What worries me is that neither the chairman of TCL nor the board is making any effort to have the conversation anchored in facts about the company—and rather than clarifying issues—are allowing misinformation to pervade the marketplace. Let me try to deal with the most egregious errors being perpetuated:
1. Constrained shareholding companies: It is not true that “TCL is the only company on the stock exchange that has a restriction on its share ownership.” Both NFM and NEL have 10 per cent restrictions on their share ownership.
TCL, NEL, and NFM are called “constrained shareholding companies.” Constrained shareholding is very common on stock exchanges all over the world, but especially in emerging markets. Even in advanced economies such as Canada, there are limits on the ownership of banks (like RBC) and insurance companies. Air Canada has a 15 per cent limit on a single shareholder with 25 per cent aggregate for non‐residents.

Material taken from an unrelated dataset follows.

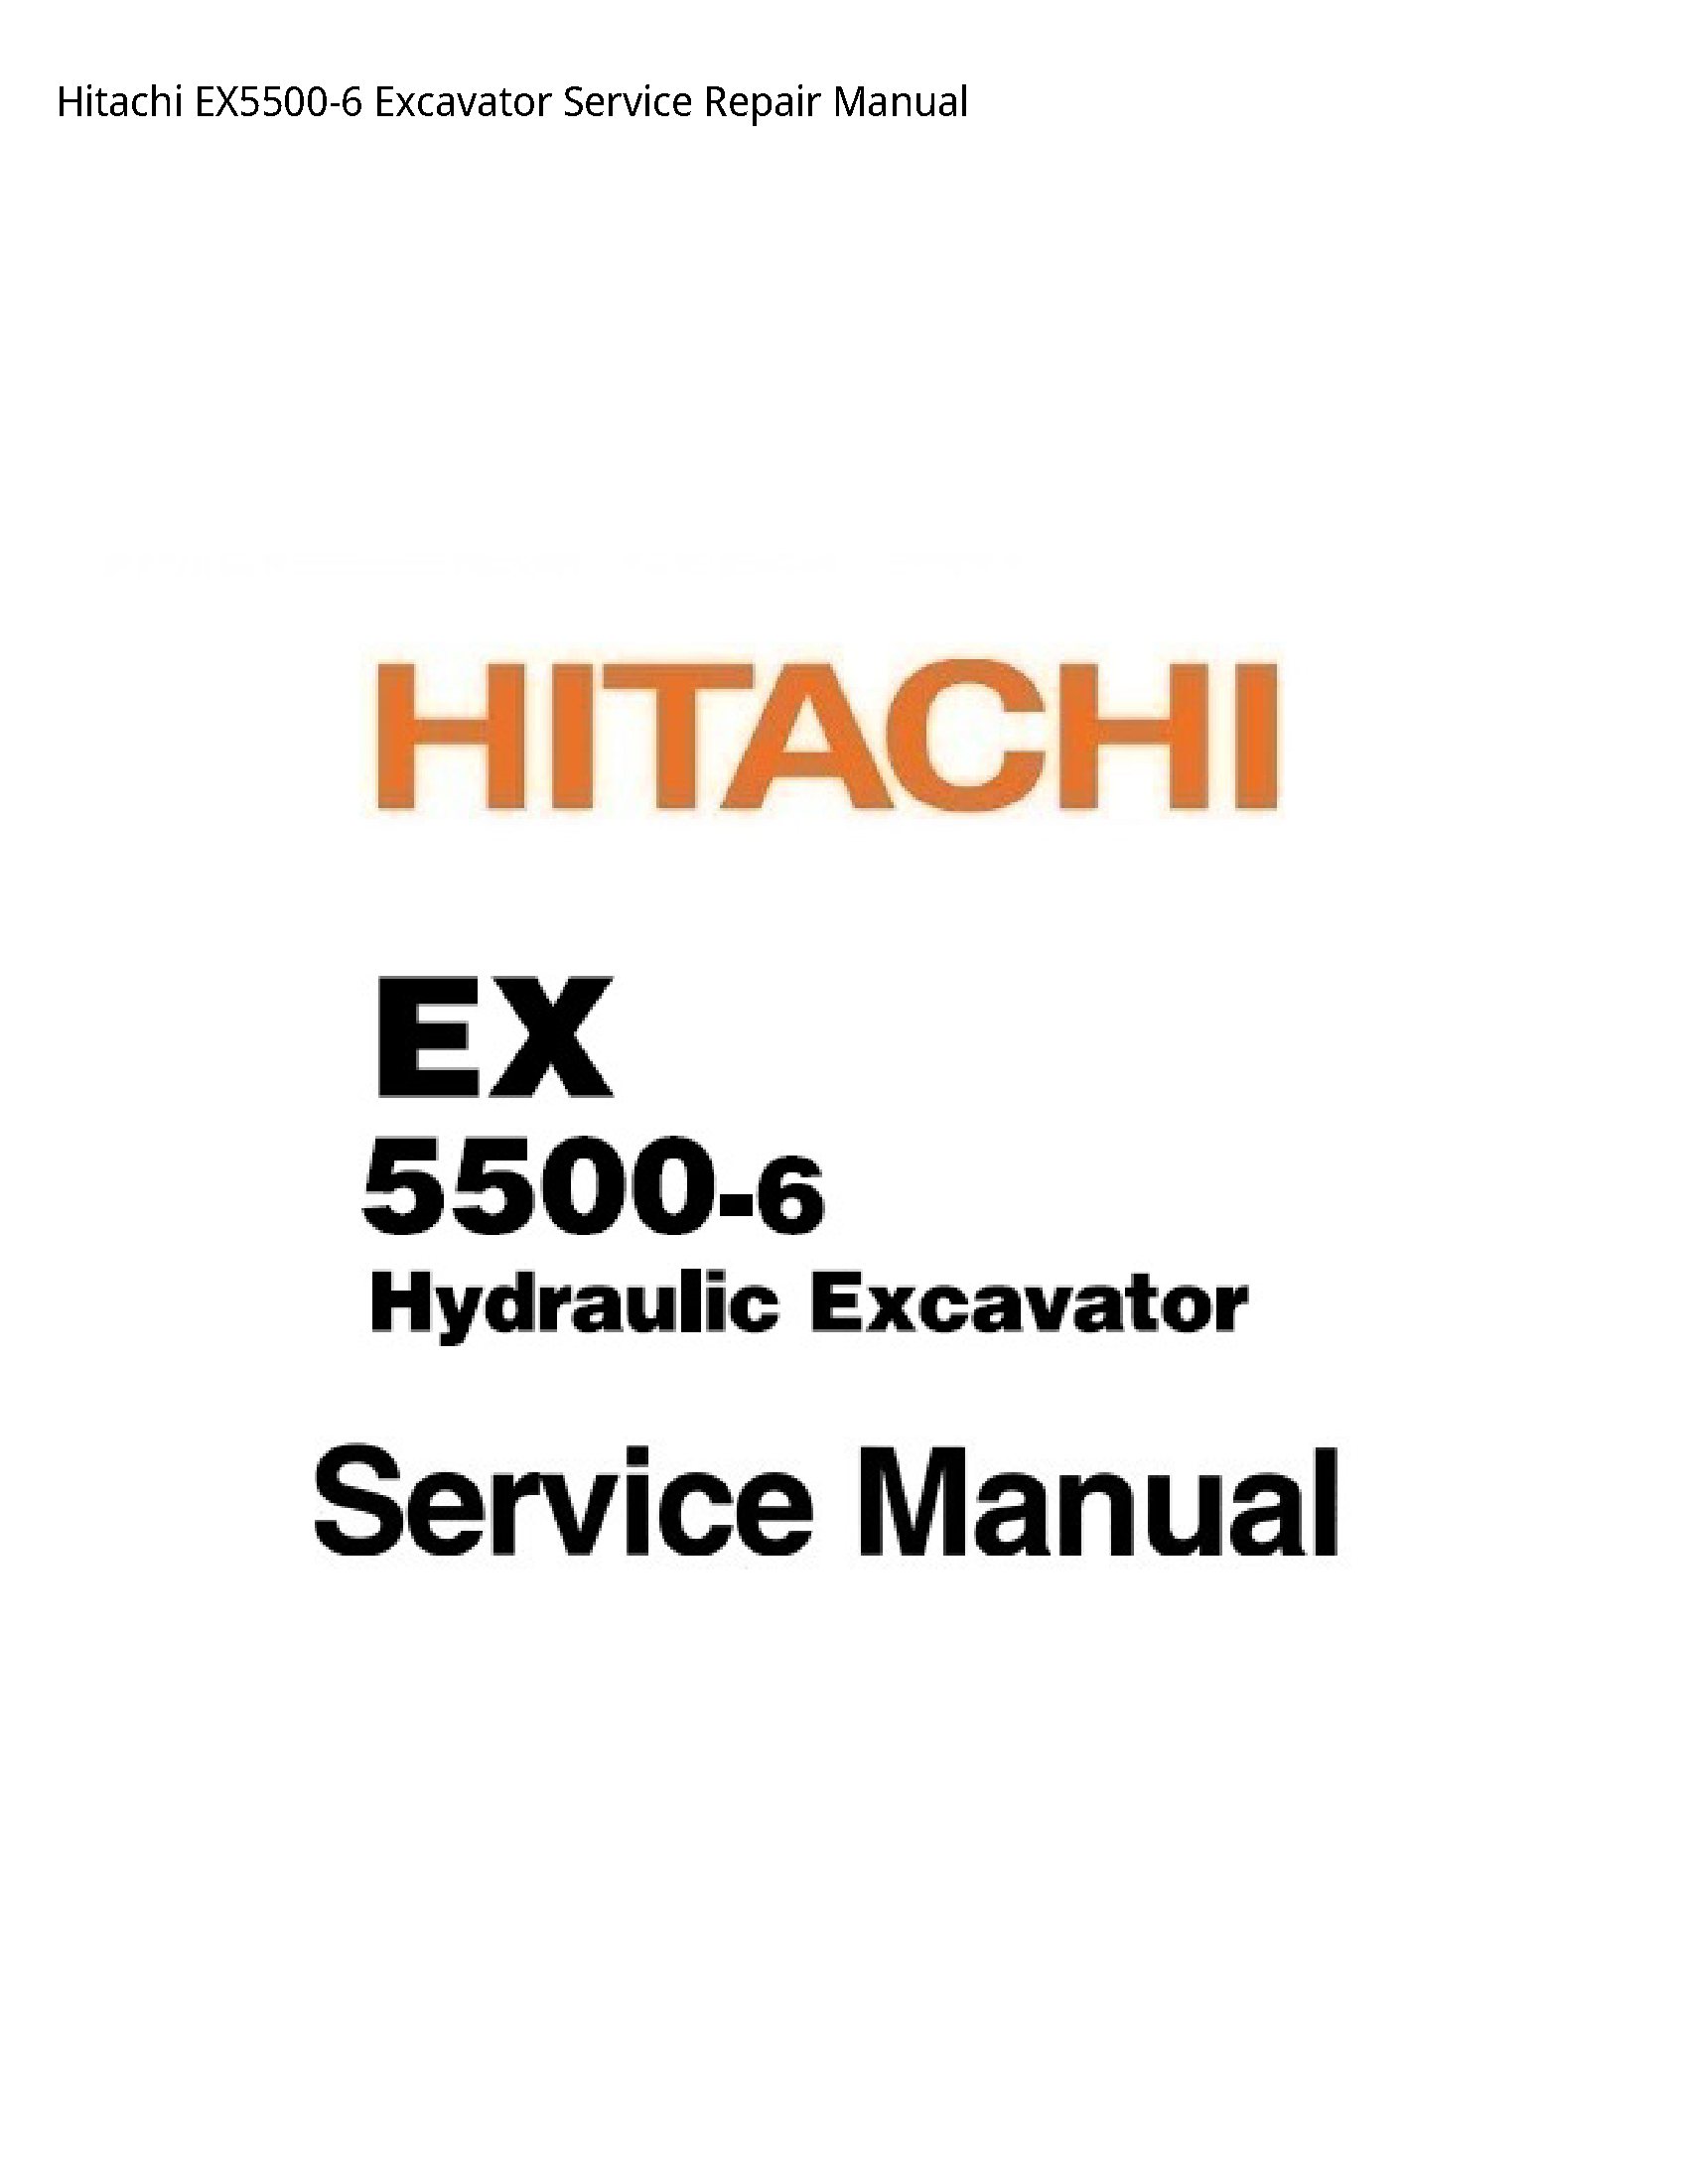 Hitachi EX5500-6 Excavator manual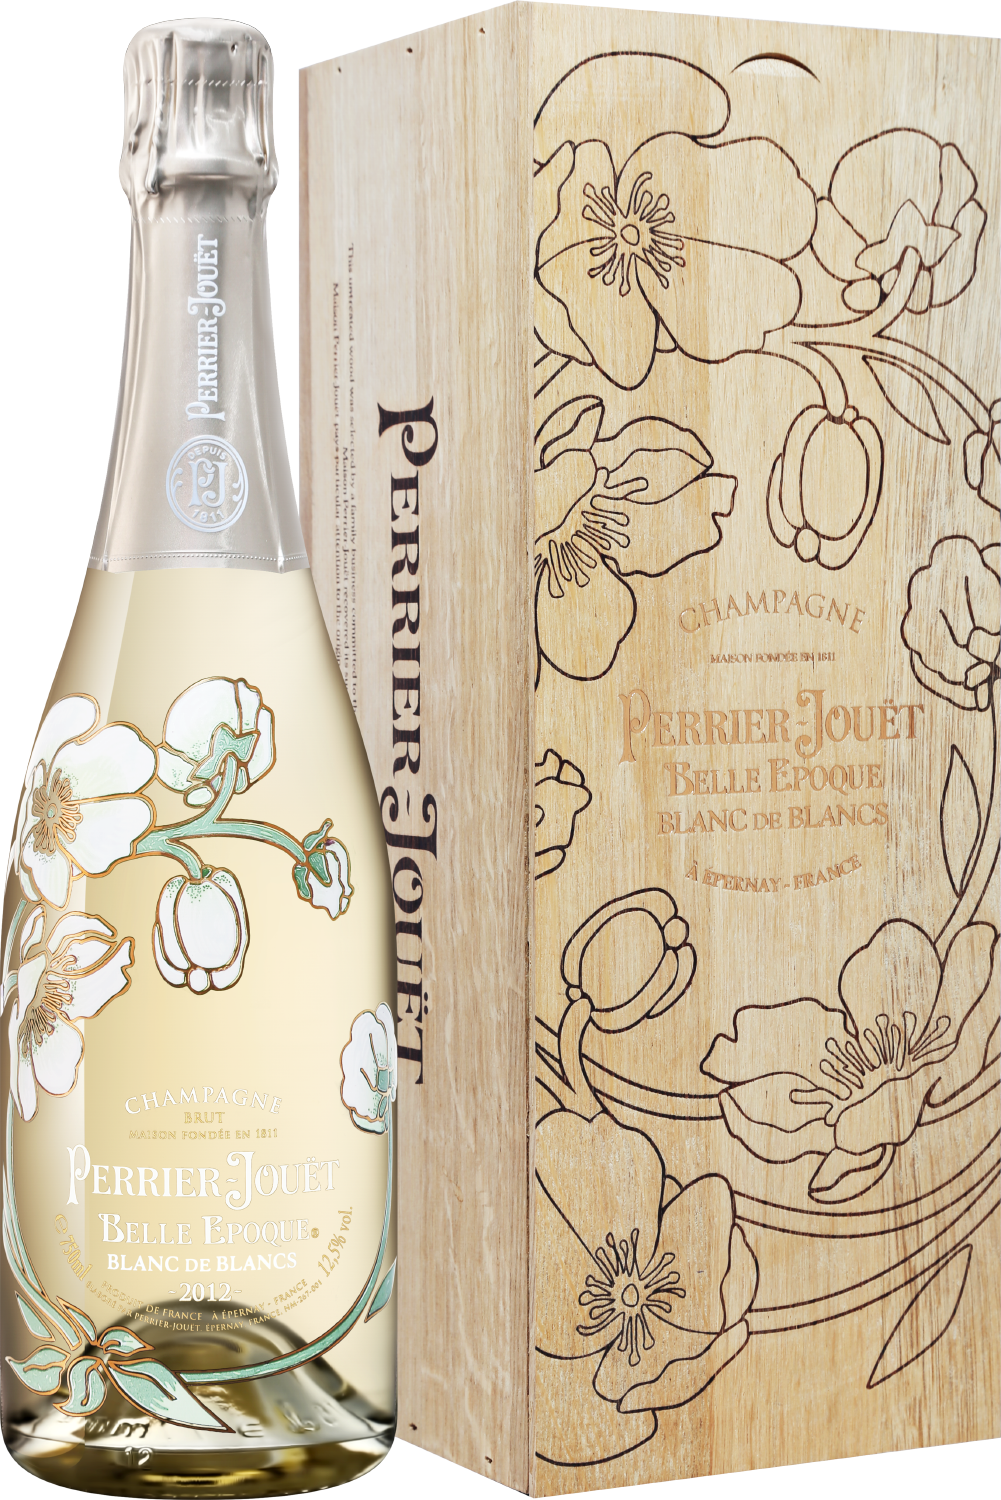 Perrier-Jouet Belle Epoque Blanc de Blancs 2012 Champagne AOC Brut (gift box) perrier jouёt belle epoque brut champagne aoc gift box

2. Constrained Shareholding is not an obstacle: Given the pervasiveness of “constrained shareholding companies” in emerging and developed stock exchanges, it is clear that the provision is not an obstacle to the raising of capital.
In 2000, TCL issued 40 million shares at $5 per share, in a Rights Issue, and raised $200 million with the 20 per cent limit on shareholding in place. This was an accretive transaction unlike the highly dilutive proposal to issue over 160 million shares to raise US$50 million. All over the world, constrained shareholding companies raise both debt and equity capital to fund their growth and development and it is clear that the TCL Board needs to learn how to do it.
3. Rights issue will fail: The current plan of removing the 20 per cent and then moving swiftly into a Rights Issue without seriously entertaining other options is clearly tailor‐made to give Cemex control of the company. Existing shareholders who have seen capital depreciation and no dividends since 2007 are not likely to participate in the Rights Issue.
This maneuver is a classic “squeeze out” of small shareholders by a large shareholder who has control of the board. When the Rights Issue fails and Cemex takes up everyone else’s shares, then the board will cry “crocodile tears” and say” well everyone had a chance” and “if you don’t want it, let Cemex take it”.
Anyone with their ears to the ground in this current economic climate—with such instability in the price of oil—knows that investors will be very tentative about participating in a Rights Issue. Mr Espinet also knows that but he “just playing dead to ketch Corbeau alive” (he will need to explain that expression to half his board)
4. Rights Issues is a bad deal: the proposal to raise US$50 million via a Rights Issue is a bad deal for all shareholders except Cemex. Due to the high dilution it will permanently condemn TCL’s share prices to the basement and the price may even go lower than the IPO price of $0.75. It is the Lenders who must take their fair share of the burden that they are now trying to push on to shareholders.